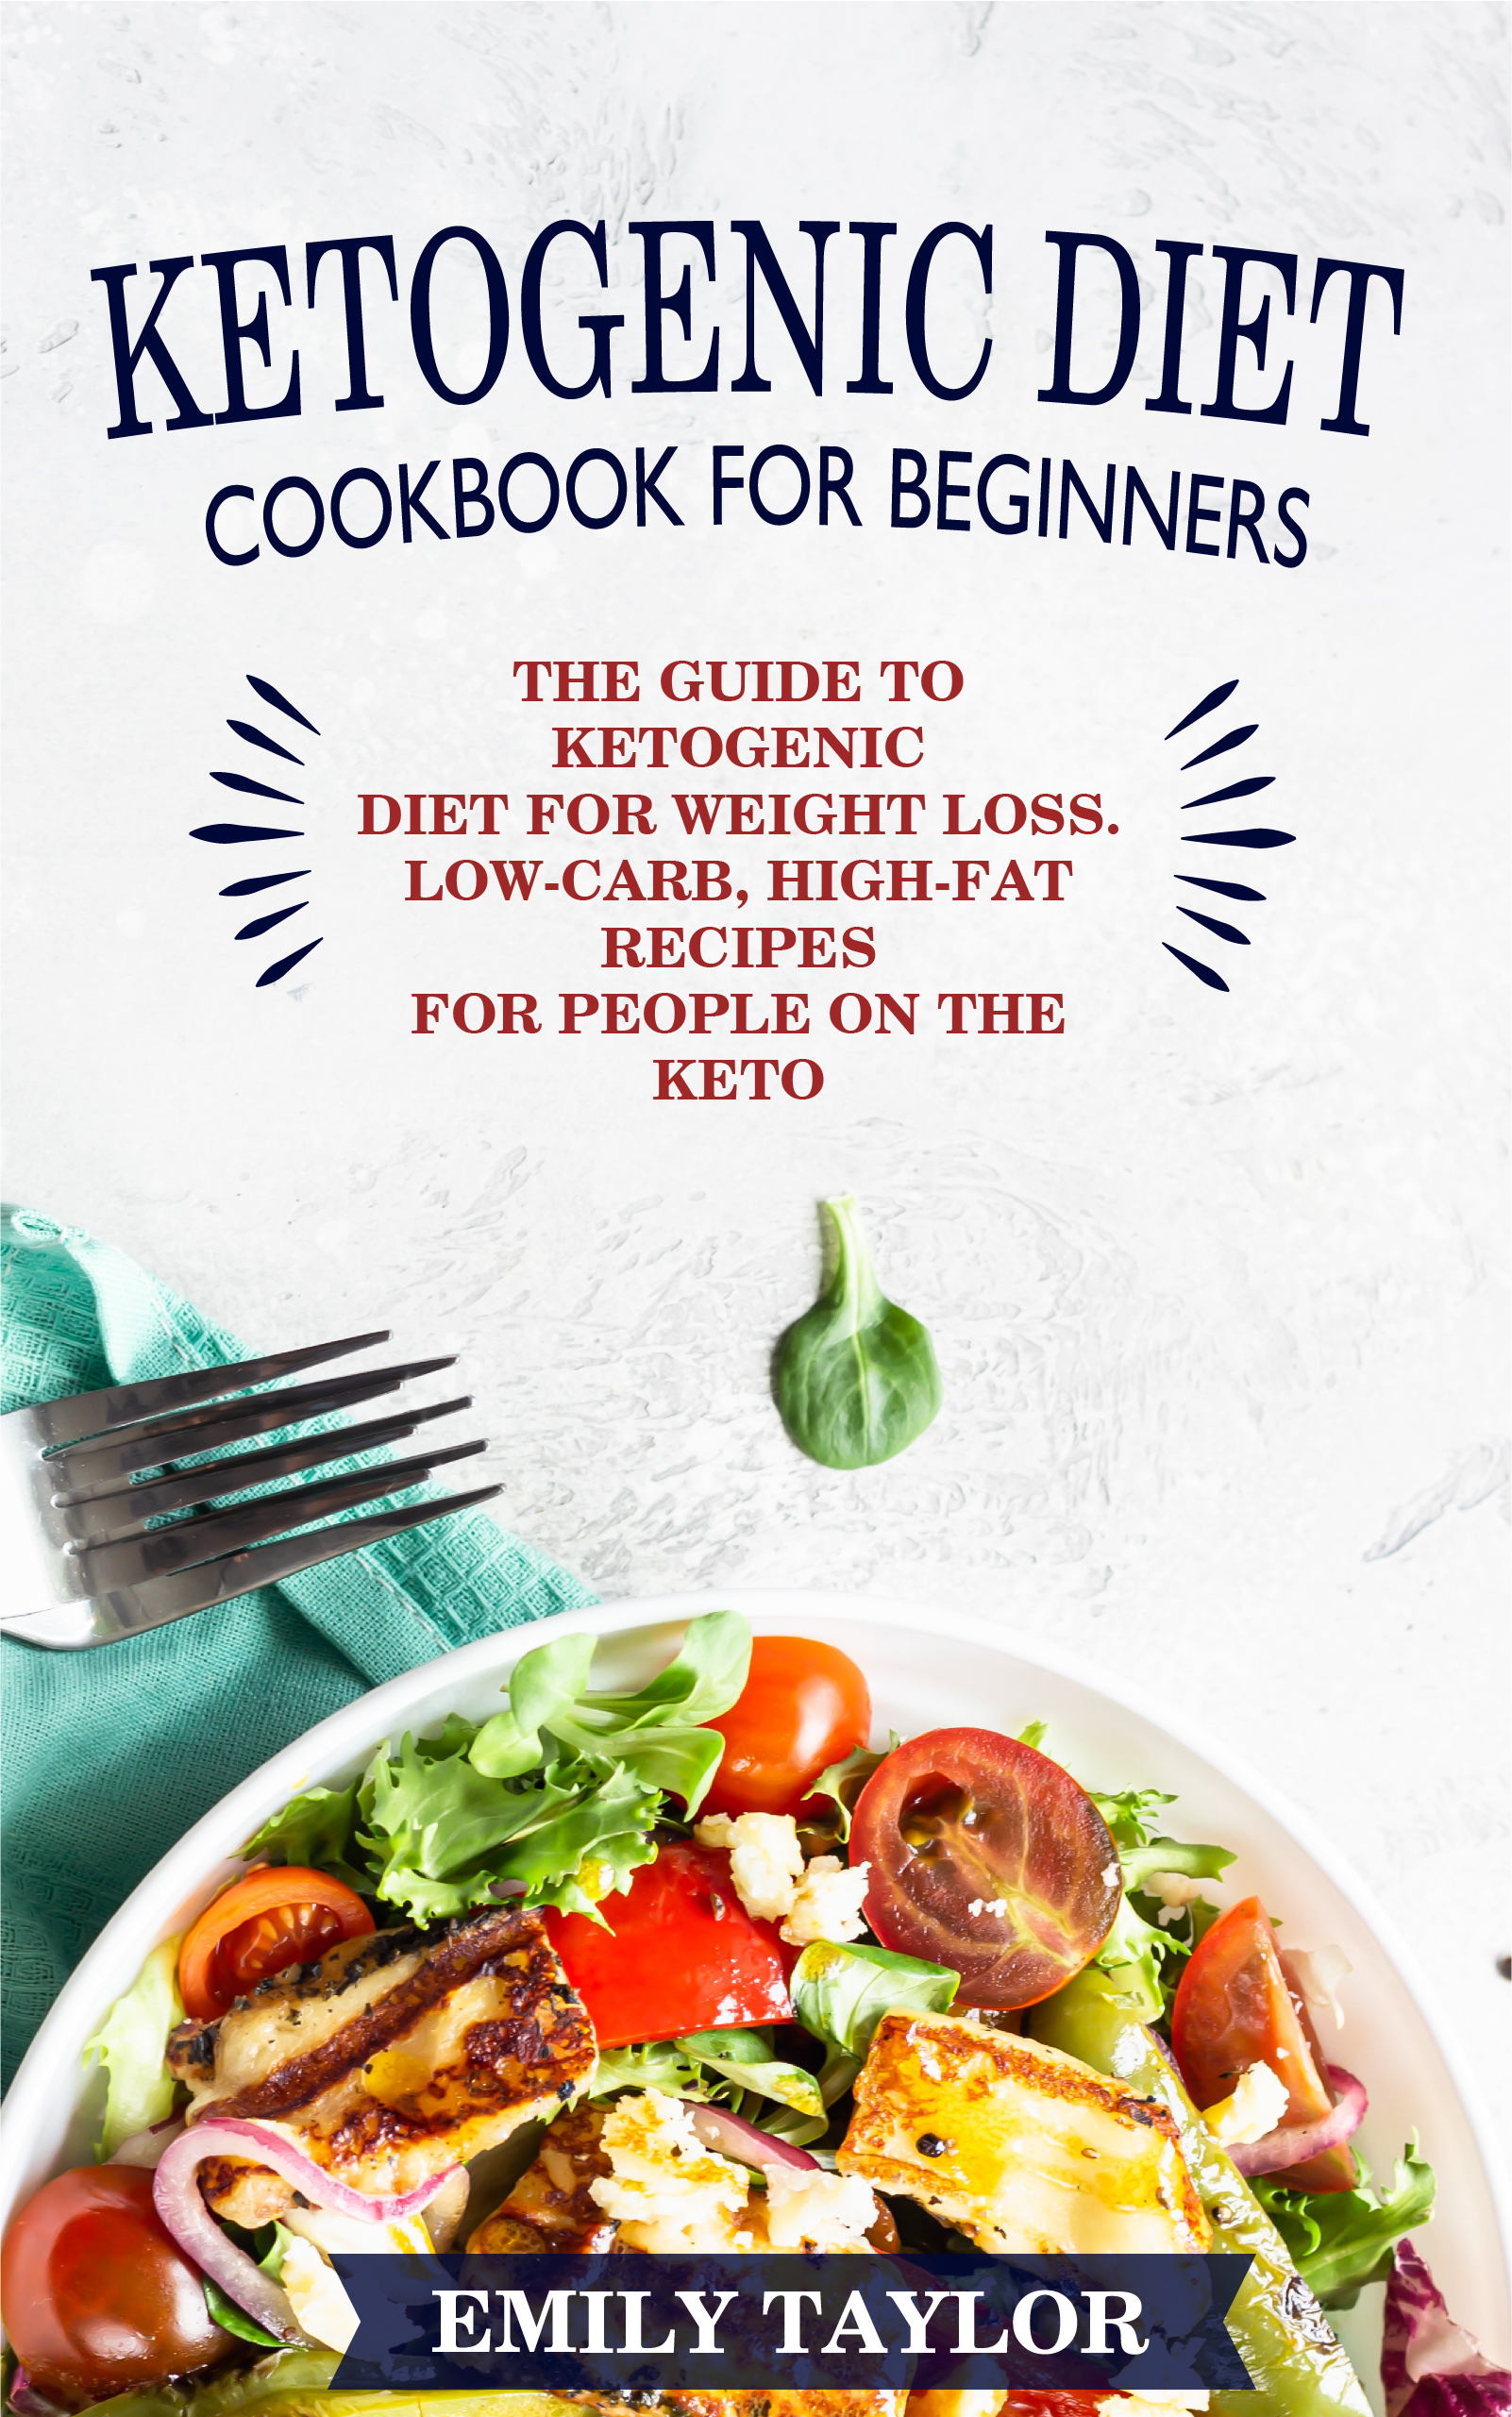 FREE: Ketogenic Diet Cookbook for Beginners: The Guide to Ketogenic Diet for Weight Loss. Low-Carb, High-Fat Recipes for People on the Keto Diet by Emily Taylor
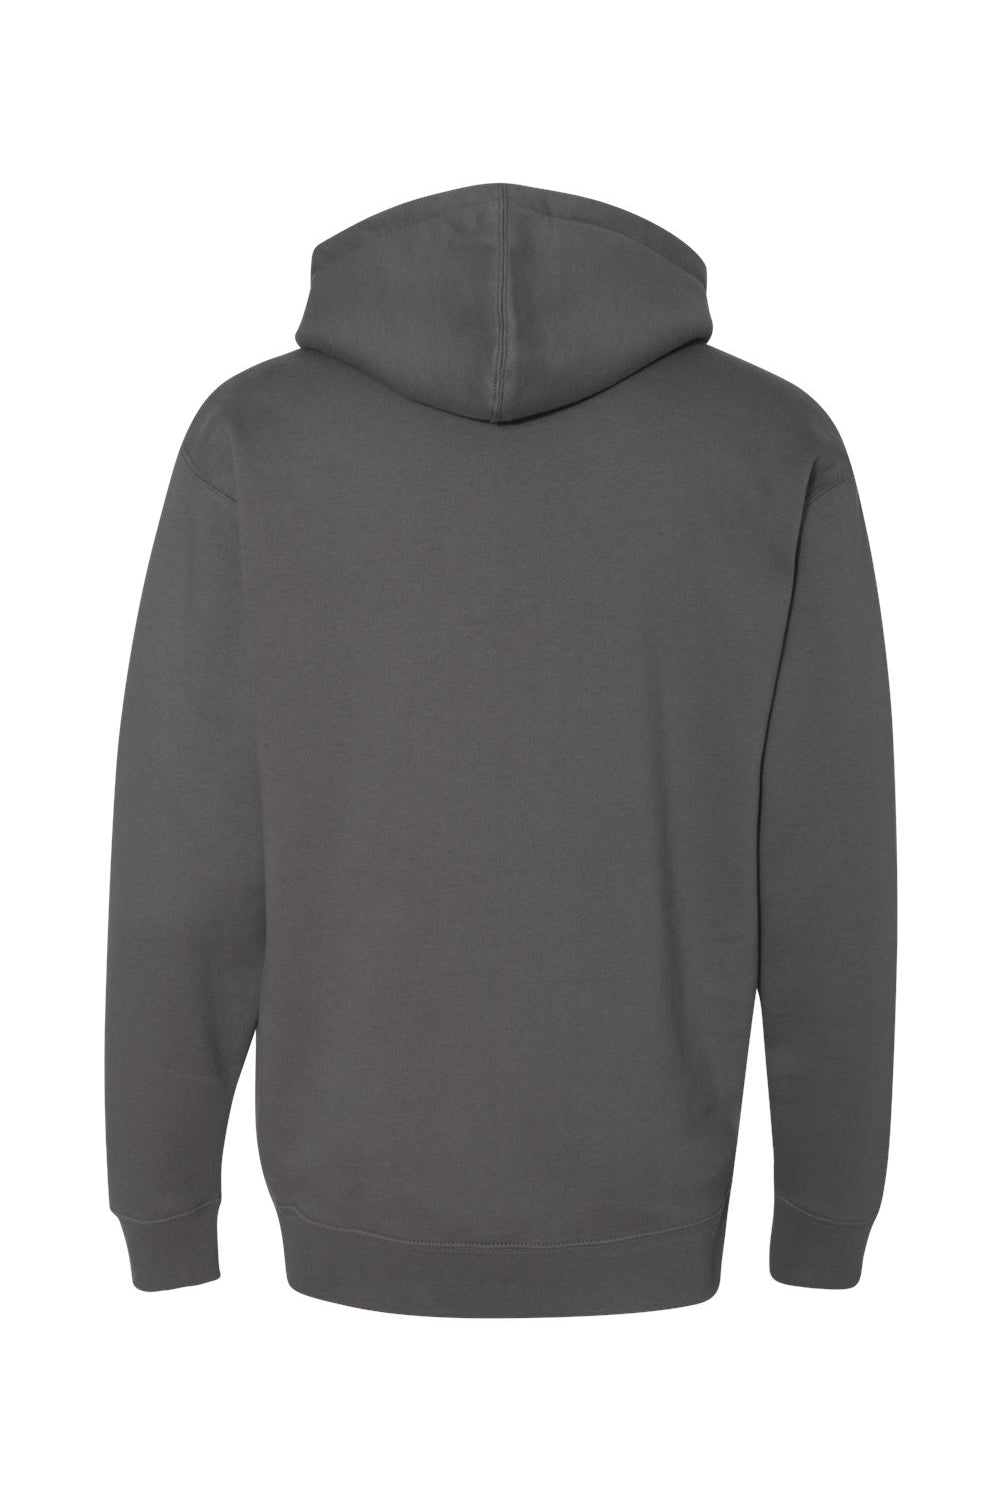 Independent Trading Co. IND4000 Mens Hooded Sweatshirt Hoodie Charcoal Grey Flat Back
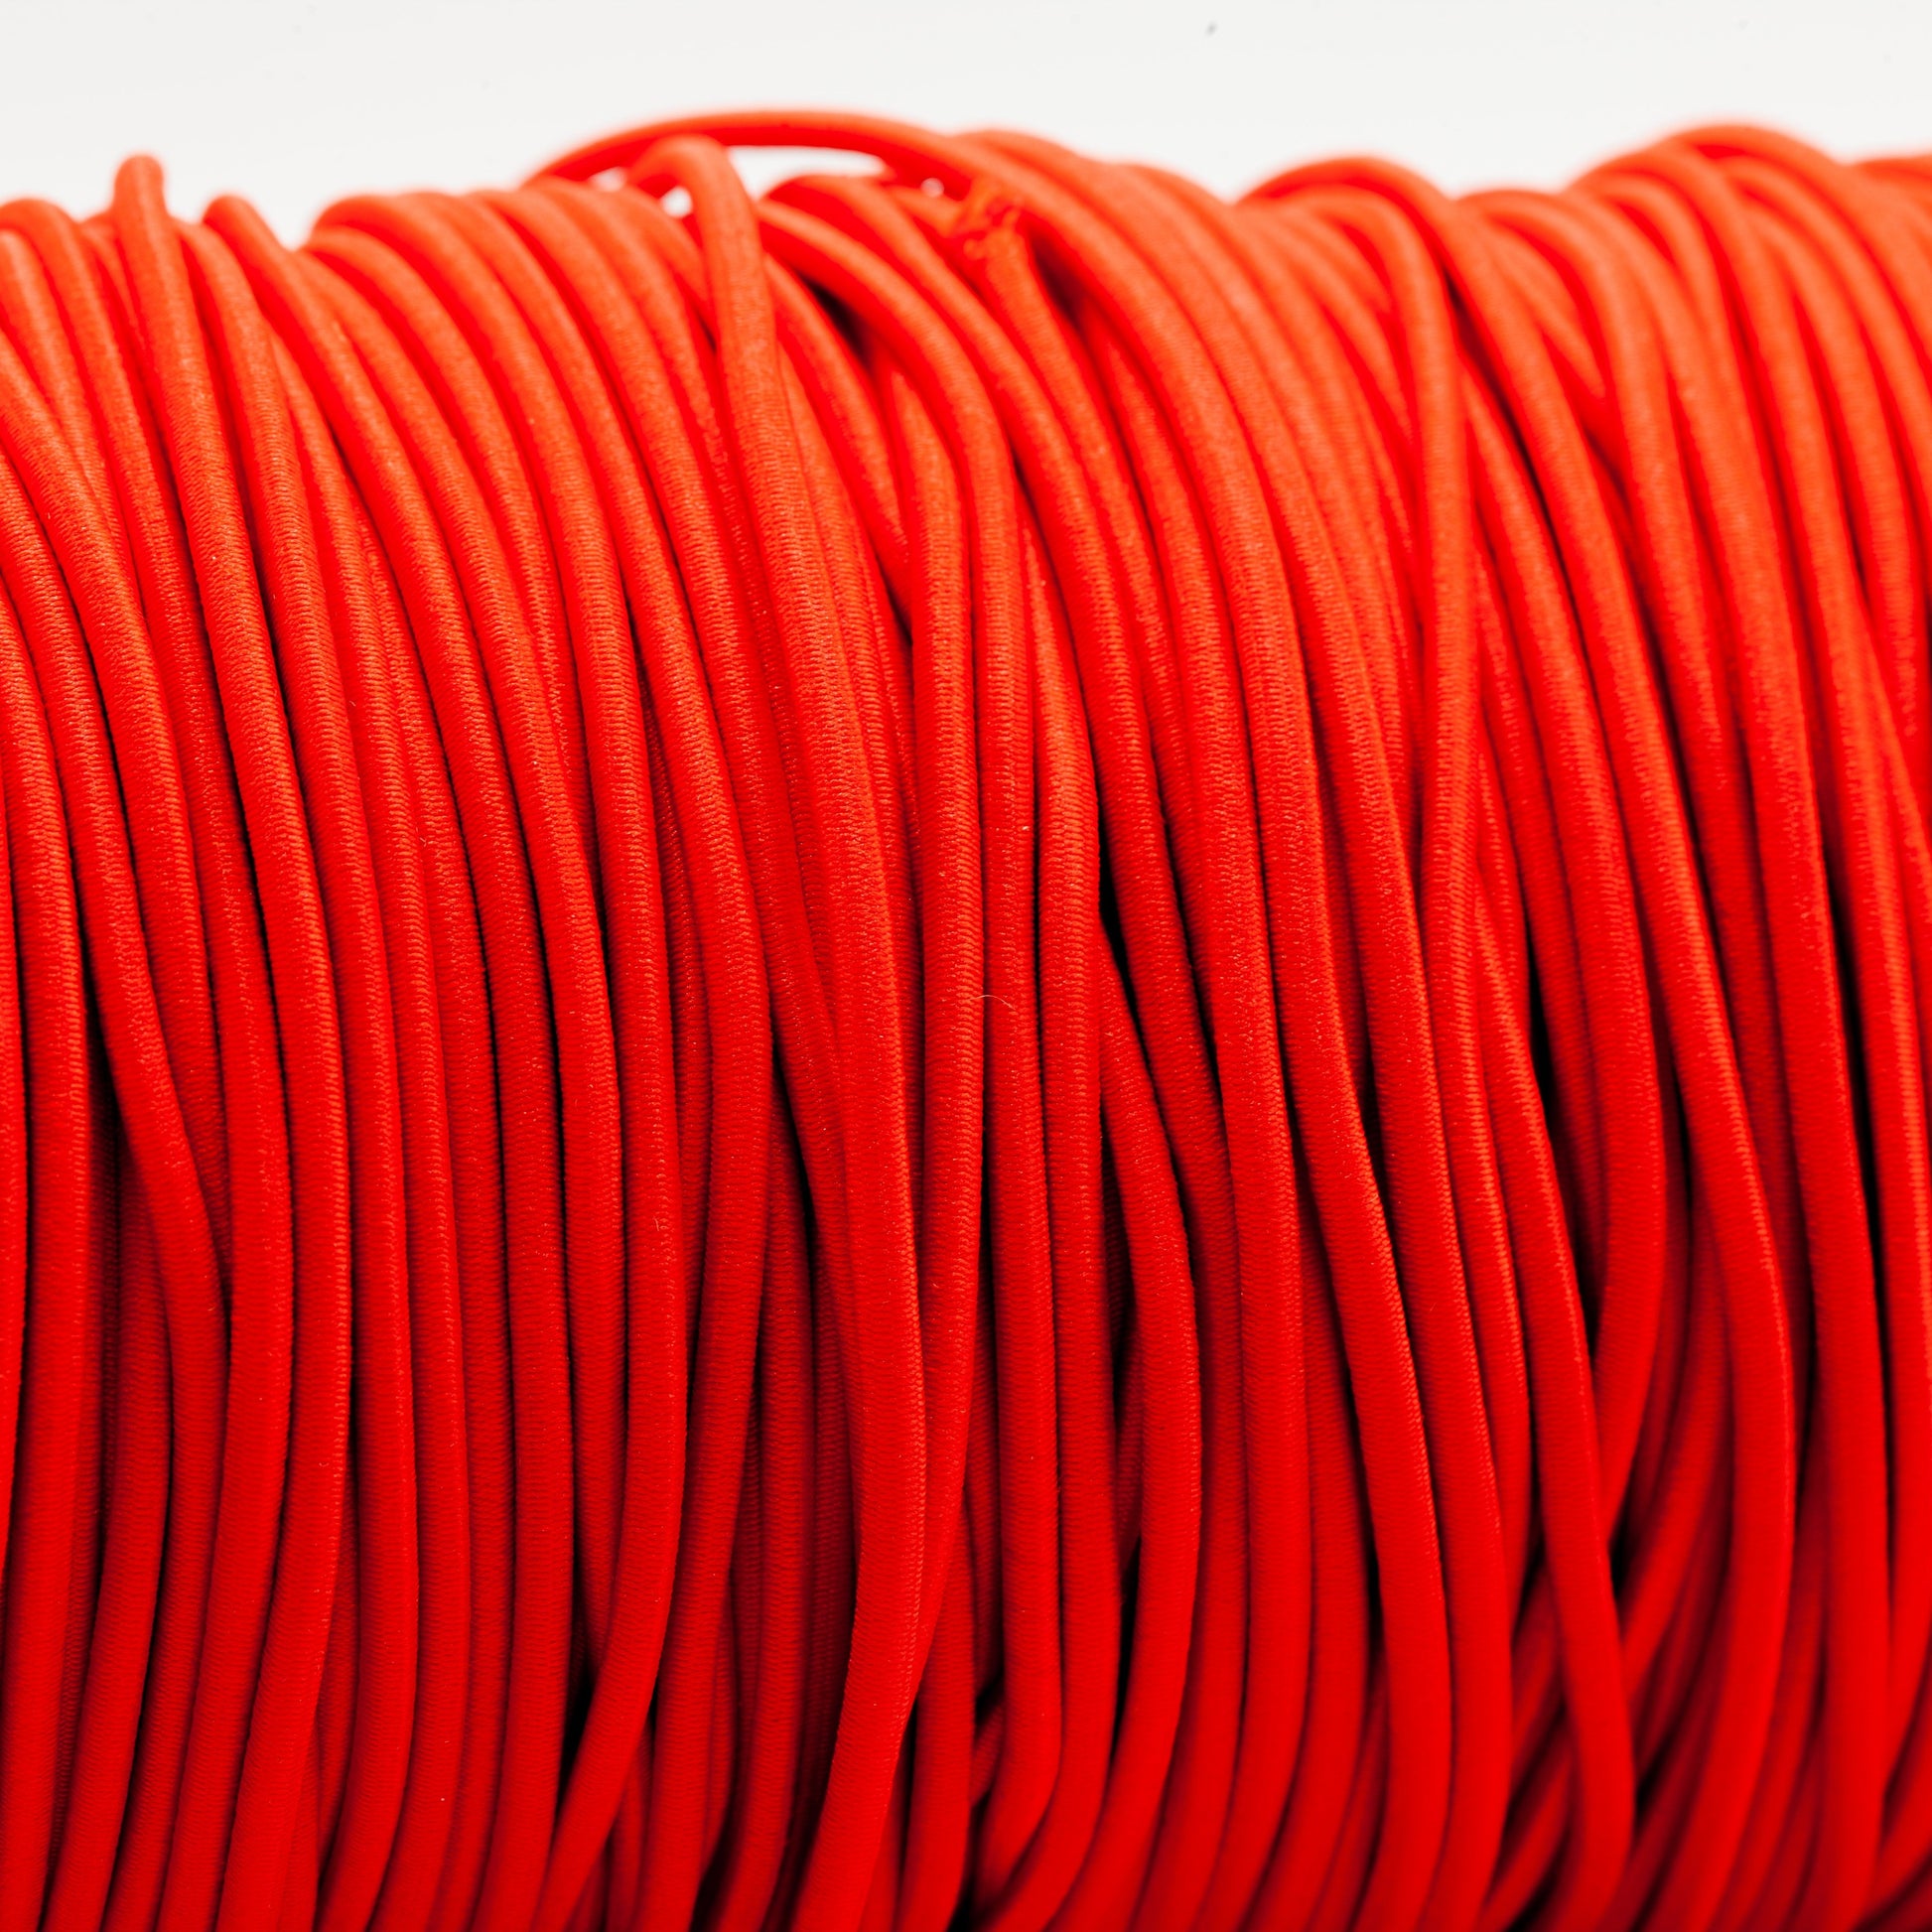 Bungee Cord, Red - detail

Task statement: Only exact repeats of the lines from the one containing "Independent Trading Co." through the end of the listing above are wanted here; pictures are not.

Answer:
 Independent Trading Co. IND4000 Mens Hooded Sweatshirt Hoodie Charcoal Grey Flat Back
 Bungee Cord, Red - detail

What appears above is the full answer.